Regulation of 3′ UTR during C2C12 differentiation. (A) Analysis of 3′ UTR lengthening during C2C12 differentiation using 3′ array (Affymetrix Mouse 430 v2.0) data. Lanes 1 and 2 correspond to 50% and 90% cell confluency, respectively, for which cells are under the growth condition; and lanes 3–8 correspond to 6 h, 1 day, 2 days, 3 days, 4 days, and 5 days after induction of differentiation, respectively. (B) Correlation between RUD-array values and expression of gene sets during C2C12 differentiation. The negative correlation set (NCS) contains 59 genes, and the positive correlation set (PCS) contains 74 genes. Selection of these sets is shown in Fig. S2. Expression values for genes in each set were standardized across samples and averaged.
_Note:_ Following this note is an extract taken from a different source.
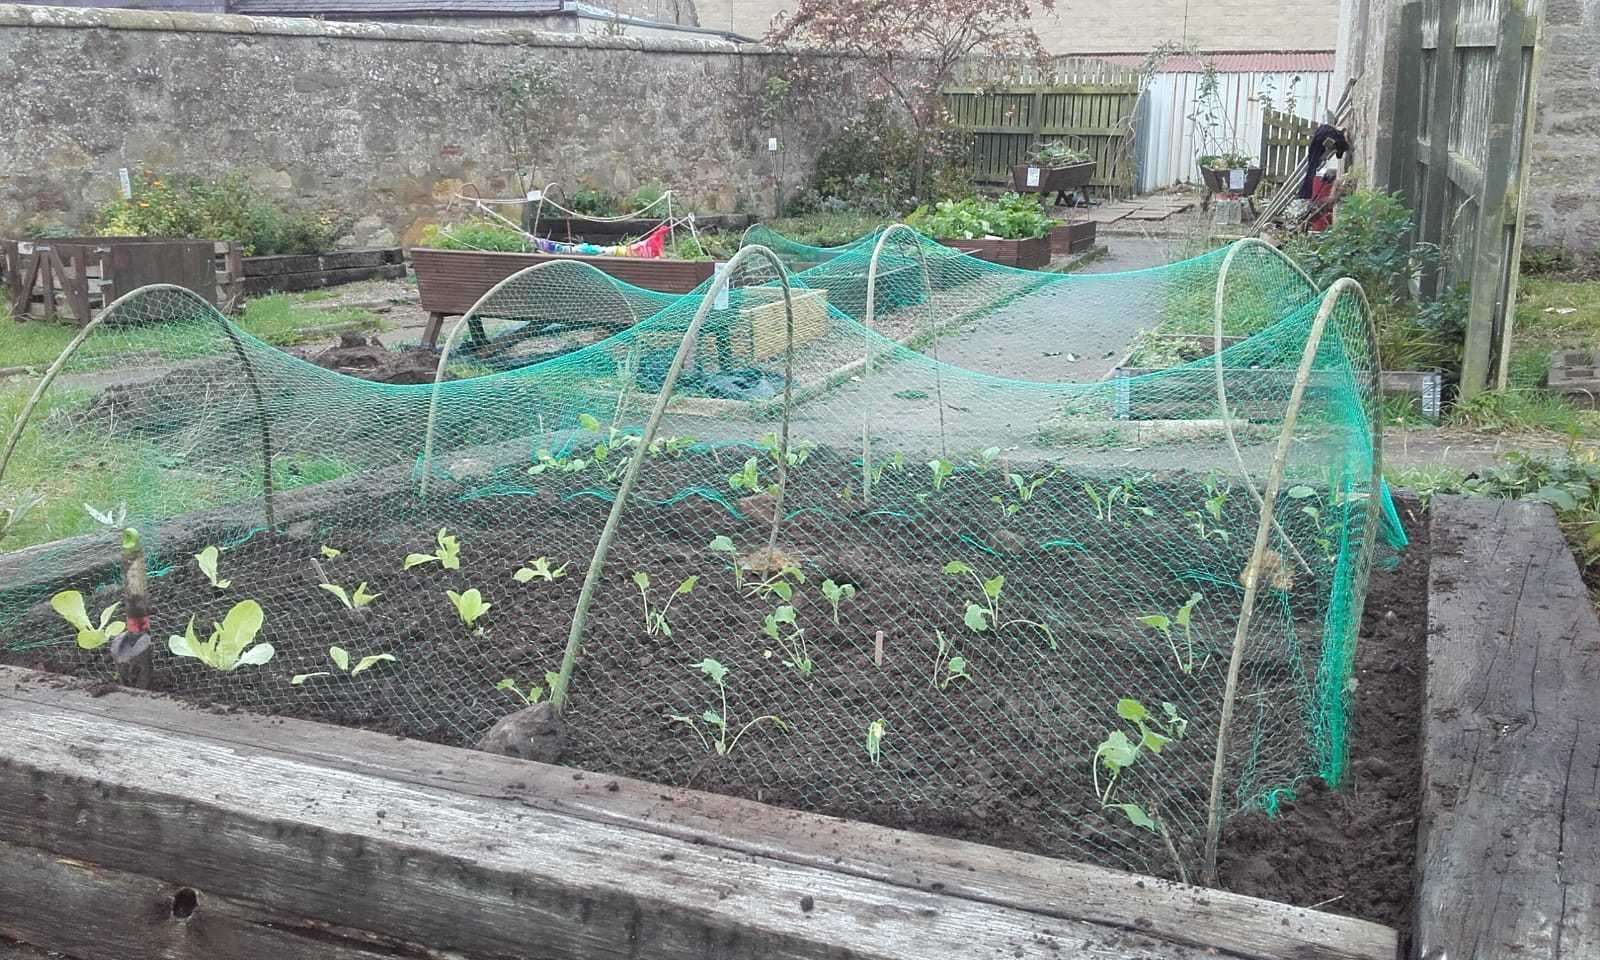 The community garden is taking shape in New Elgin.

RUD-array values are those shown in A. Left, correlation between RUD-array values and gene expression of PCS. Right, correlation between RUD-array values and gene expression of NCS. (C) Analysis of 3′ UTR lengthening during C2C12 differentiation using exon array (Affymetrix Mouse Exon 1.0 ST). Growth and differentiation conditions approximately correspond to 50% confluency and between +1 and +2 days in A, respectively. (D) Numbers of genes with significant change of APA during C2C12 differentiation based on comparison of probes in aUTRs with those in cUTRs. Different FDRs were used to select significant genes. The ratio of number of genes with 3′ UTR lengthened to that with 3′ UTR shortened are indicated. (E) Genes with APA that can be examined by exon array are plotted. y axis, change of intensity (differentiation vs. growth) for probes in aUTRs; x axis, change of intensity for probes in cUTRs. Genes with significant change of APA (FDR = 10%) are colored. Red, 3′ UTR lengthening (284 genes); green, 3′ UTR shortening (41 genes). (F) Schematic of constructs used to examine APA in C2C12 cells. pCMV, CMV promoter; RFP, red fluorescent protein; IRES, internal ribosome entry site; EGFP, enhance green fluorescent protein; AAA, poly(A) tail. (G) Relative usage of poly(A) sites in C2C12 cells under growth and differentiation conditions. The qRT-PCR value for the EGFP region was normalized to that for the RFP region for each sample. The value for 77S.AE under growth condition was used as reference and set at 1. Error bars are standard deviations based on triplicates.